The XGBoost evaluation system (xgboost_eval_harness.py) allows you to create custom training algorithms for Snake AI using gradient boosting. This system gives you full control over the training process while providing standardized evaluation.

Prerequisites

  • Python 3.8+
  • XGBoost library (uv sync installs all dependencies)
  • Understanding of reinforcement learning concepts

Required File Structure

Create a new Python file in the xgboost_solutions/ directory (e.g., my_model.py).

Required Functions

Your solution must implement exactly three functions:

1. get_config() β†’ Dictionary

Returns hyperparameters and configuration for your training algorithm:

def get_config():
    return {
        "ITERATIONS": 100,                    # Number of training iterations
        "EPISODES_PER_ITERATION": 500,        # Episodes per iteration
        "ELITE_PERCENTILE": 10,               # Top % of episodes to keep
        "GAMMA": 0.95,                        # Discount factor for rewards

        # XGBoost hyperparameters
        "XGB_PARAMS": {
            'objective': 'multi:softprob',
            'num_class': 3,
            'learning_rate': 0.1,
            'n_estimators': 100,
            'max_depth': 6,
            'random_state': 42
        },

        # Custom reward shaping
        "REWARD_FOOD": 1.0,
        "REWARD_DEATH": -1.0,
        "REWARD_SURVIVAL": 0.01
    }

2. calculate_reward(env, ate_food, is_alive) β†’ Float

Note: This is currently a placeholder. The harness uses your reward function through the training algorithm.

3. create_training_algorithm(config, play_game_func, calculate_reward_func, num_workers, log_func) β†’ Class Instance

Returns an instance of your training algorithm class:

def create_training_algorithm(config, play_game_func, calculate_reward_func, num_workers, log_func):
    return MyCustomTrainer(config, log_func)

Training Algorithm Class Requirements

Your trainer class must implement:

__init__(self, config, log_func)

Initialize your algorithm with configuration and logging function.

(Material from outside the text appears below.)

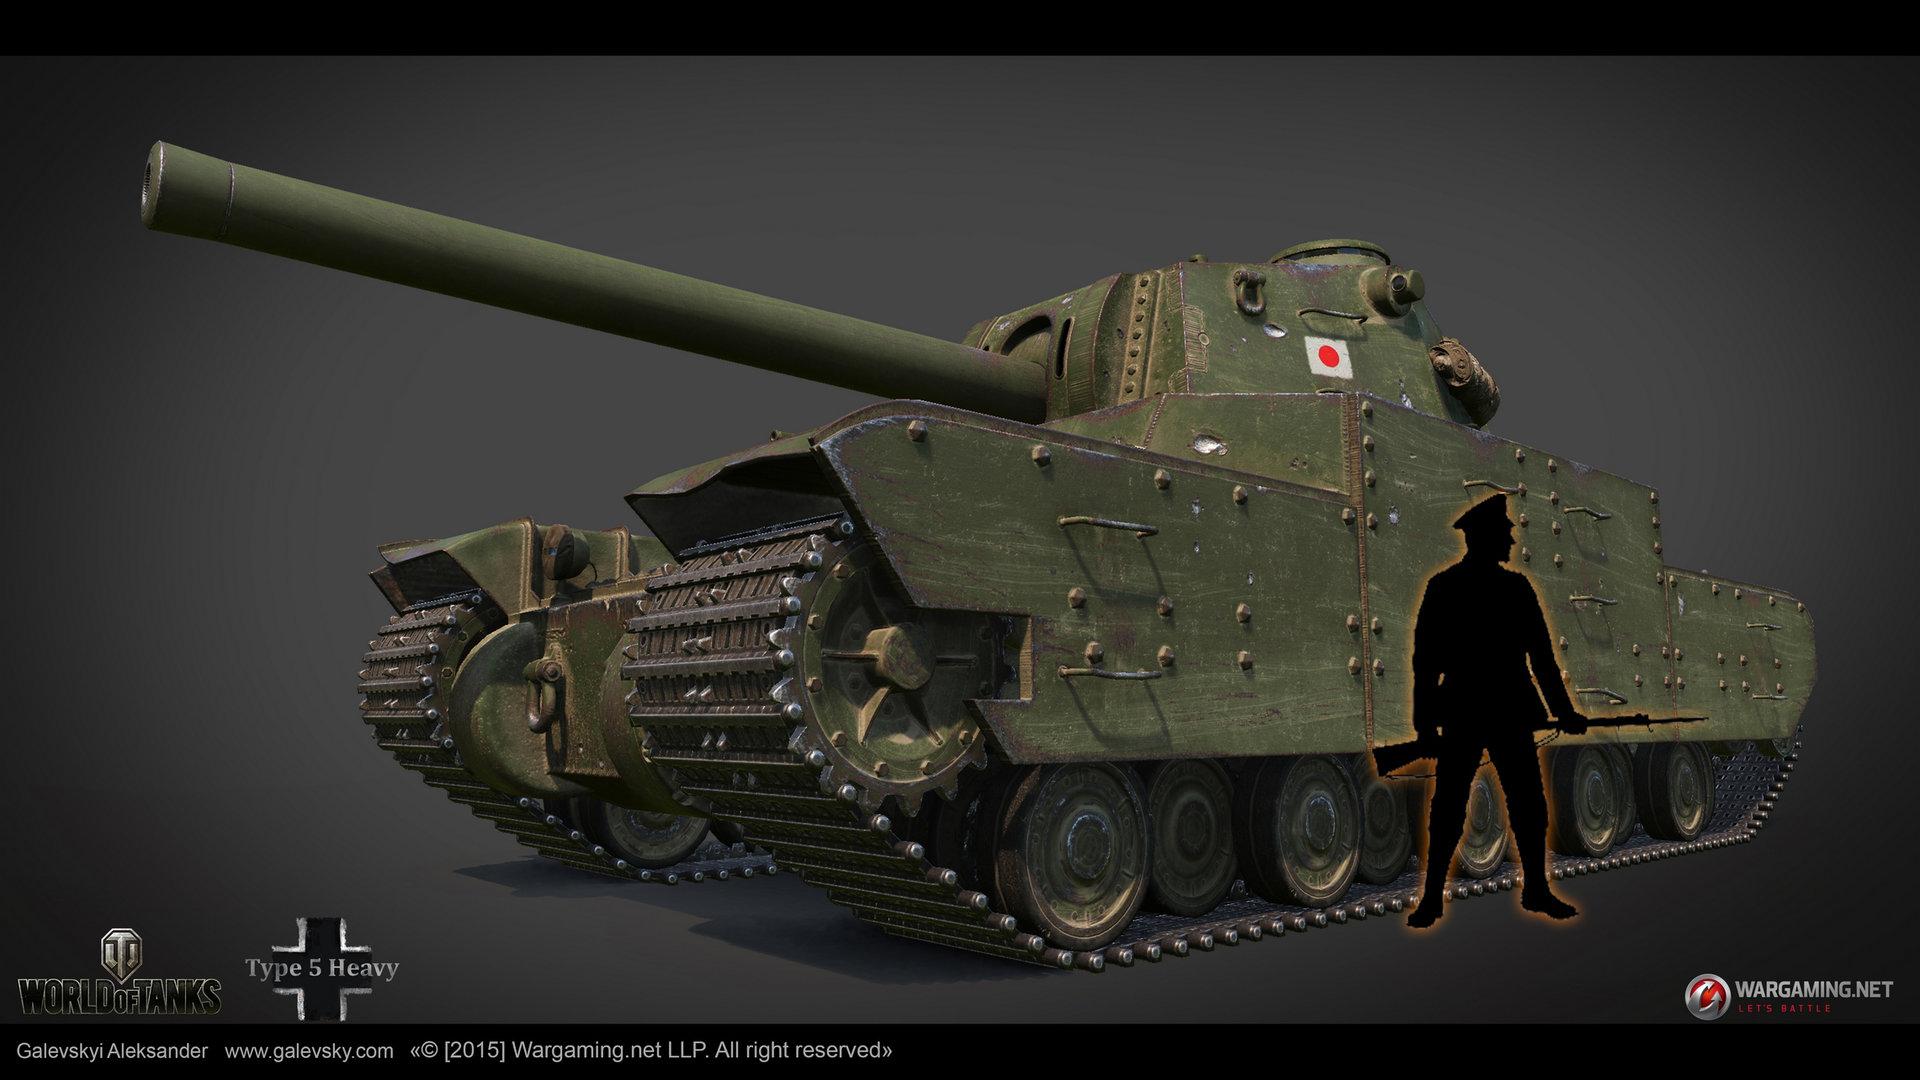 Aleksander galevskyi type 2605 fin 01 med

train_iteration(self, iteration_num) β†’ Dictionary

This is called once per training iteration. Must return:

{
    'best_score': float,     # Best score achieved this iteration
    'mean_score': float,     # Average score across all episodes
    'model': xgb_model       # Optional: trained XGBoost model for checkpointing
}

Harness-Provided Tools

The harness gives you several helpful functions:

play_game_func(policy_model, calculate_reward_func)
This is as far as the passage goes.